Sam se idź na plażę wymoczyć swoj głowę w mnorskiej wodzie. Wypłucze nadmiar fluoru i aspartanu z pepsi.
niespodziewanie duze
Dodane przez Angelus Maximus (niezweryfikowany) w odpowiedzi na Mówimy o anomalii. Te fale
niespodziewanie duze fale...to jak ty sztorm kiedys zobaczysz to ocipiejesz chyba.
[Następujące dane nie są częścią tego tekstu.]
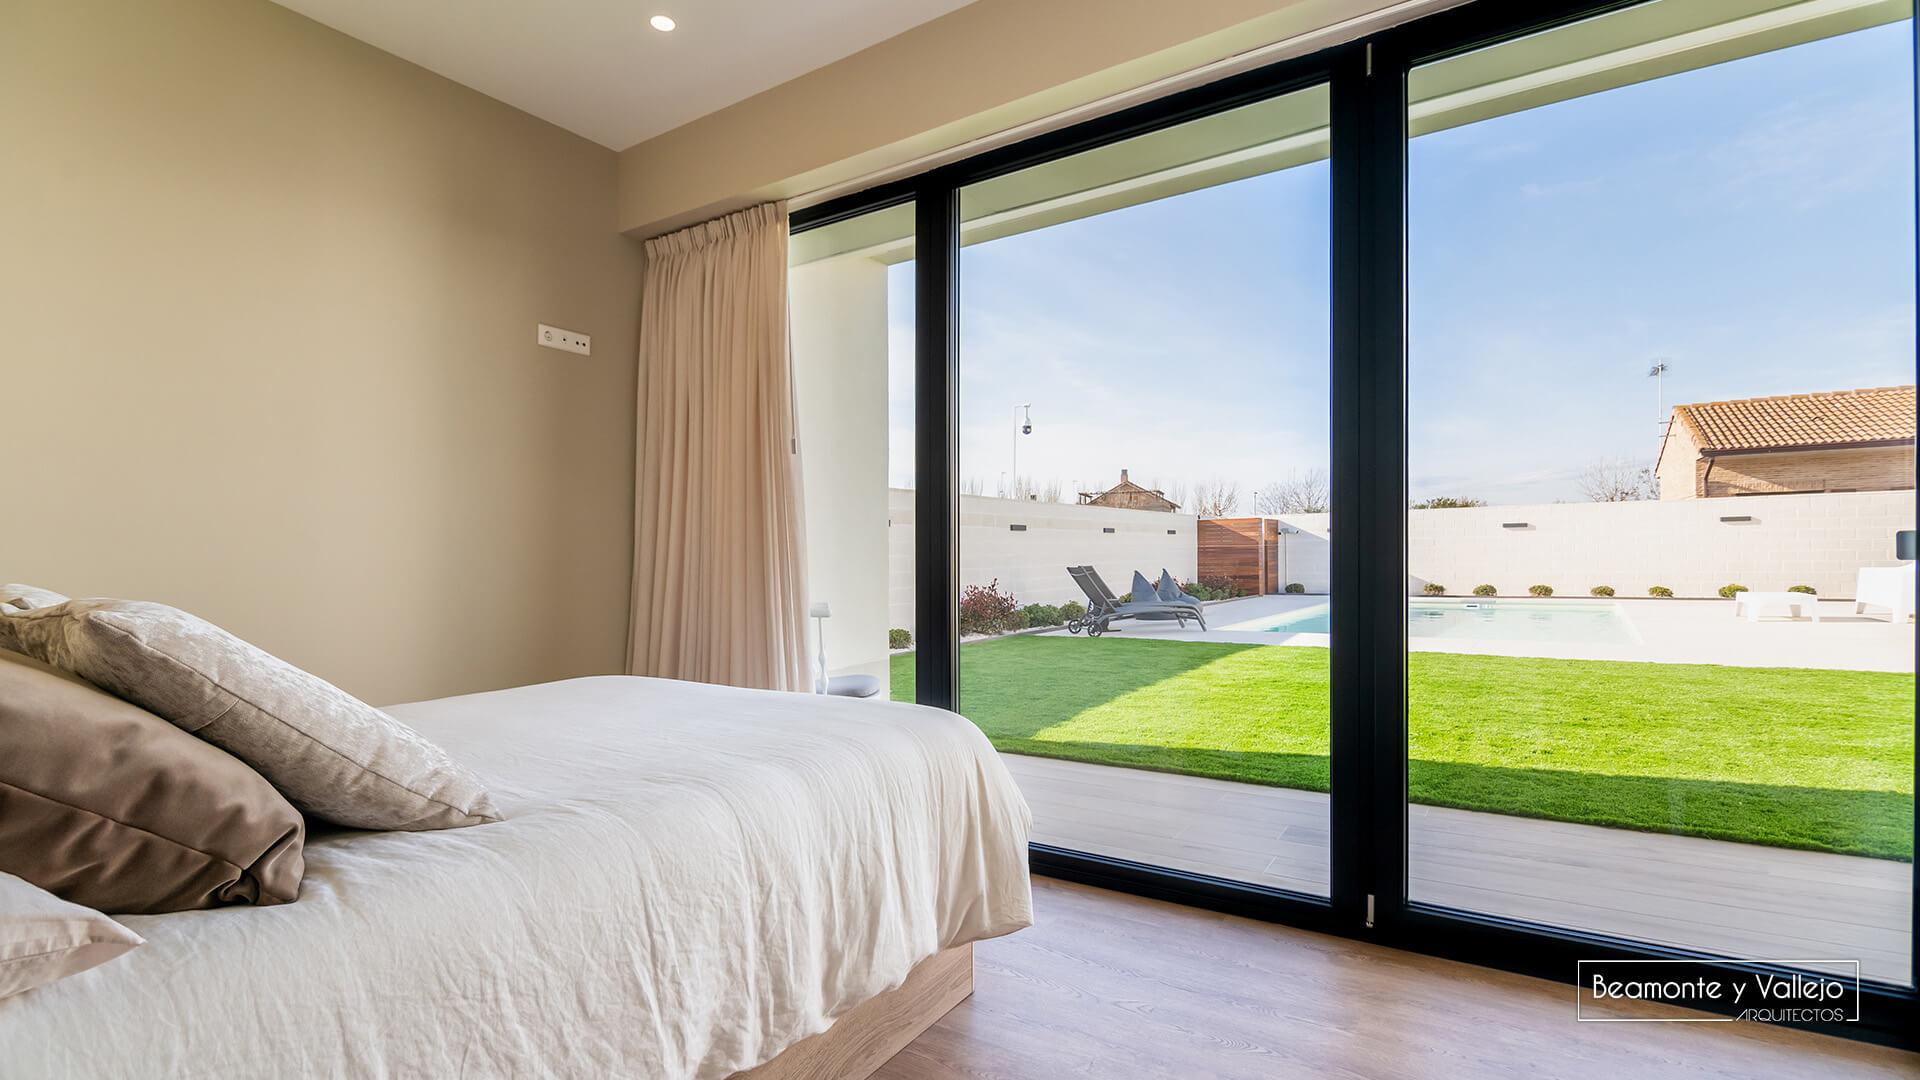 Beamonte y Vallejo arquitectos - Passivhaus Utebo - 18

miło ze troszczysz sie o moje nawyki zywieniowe ale moze tak jednak tą swoją pustą łepetynką sie zajmij bo nawet nie wiesz ze sie pisze aspartaM i tak niedokonca w pepsi. moze to wlasnie skutki jego nadmiaru u ciebie, co? patrząc na te twoje dzikie teorie i ich sensownosc i logike to rzeczywiscie - masz niezle jazdy - wydajesz sie byc juz takim zdziadziałem nawiedzonym typem co potrafi tylko atakowac by bronic swoich absurdalnych racji, dno oceanu sie trzęsie i juz
"niedokońca" pisze się
Dodane przez pilipp (niezweryfikowany) w odpowiedzi na niespodziewanie duze
"niedokońca" pisze się oddzielnie analfabeto, a "aspartan" wyskoczył zamiast "m", chyba, że masz hebrajską klawiaturę, to o tym nie wiesz.
faluje a nie trzęsie... a trzęsie, wskutek falowania bo to nie gumowa piłka, tylko krucha konstrukcja...
Po za tym to nie był sztorm, więc fale przy normalnej pogodzie wielkości sztormowych, to tektoniczna anomalia.
Acha... No w pepsi cymbale, którą łykasz w nadmiernych ilościach... "owa substancja słodząca" to aspartam... :))
przyjrzyjcie sie, facetowi
przyjrzyjcie sie, facetowi wypada z ręki telefon/aparat lub cokolwiek innego poczym probuje to uratowac.
najbardziej pomocny i tak jest kamerzysta
Kamerzysta wie, że by utonął
Dodane przez pilipp (niezweryfikowany) w odpowiedzi na przyjrzyjcie sie, facetowi
Kamerzysta wie, że by utonął też. Co jak co mógłby poszukać jakiejś budki z ratownikiem ale to chyba za późno.
no nie wiem, w ktoryms
Dodane przez And (niezweryfikowany) w odpowiedzi na Kamerzysta wie, że by utonął
no nie wiem, w ktoryms momencie jest wystarczająco duzo czasu zeby zdążyć ich wyjąc. zresztą, czy aparat lub telefon jest warty poswiecenia zycia?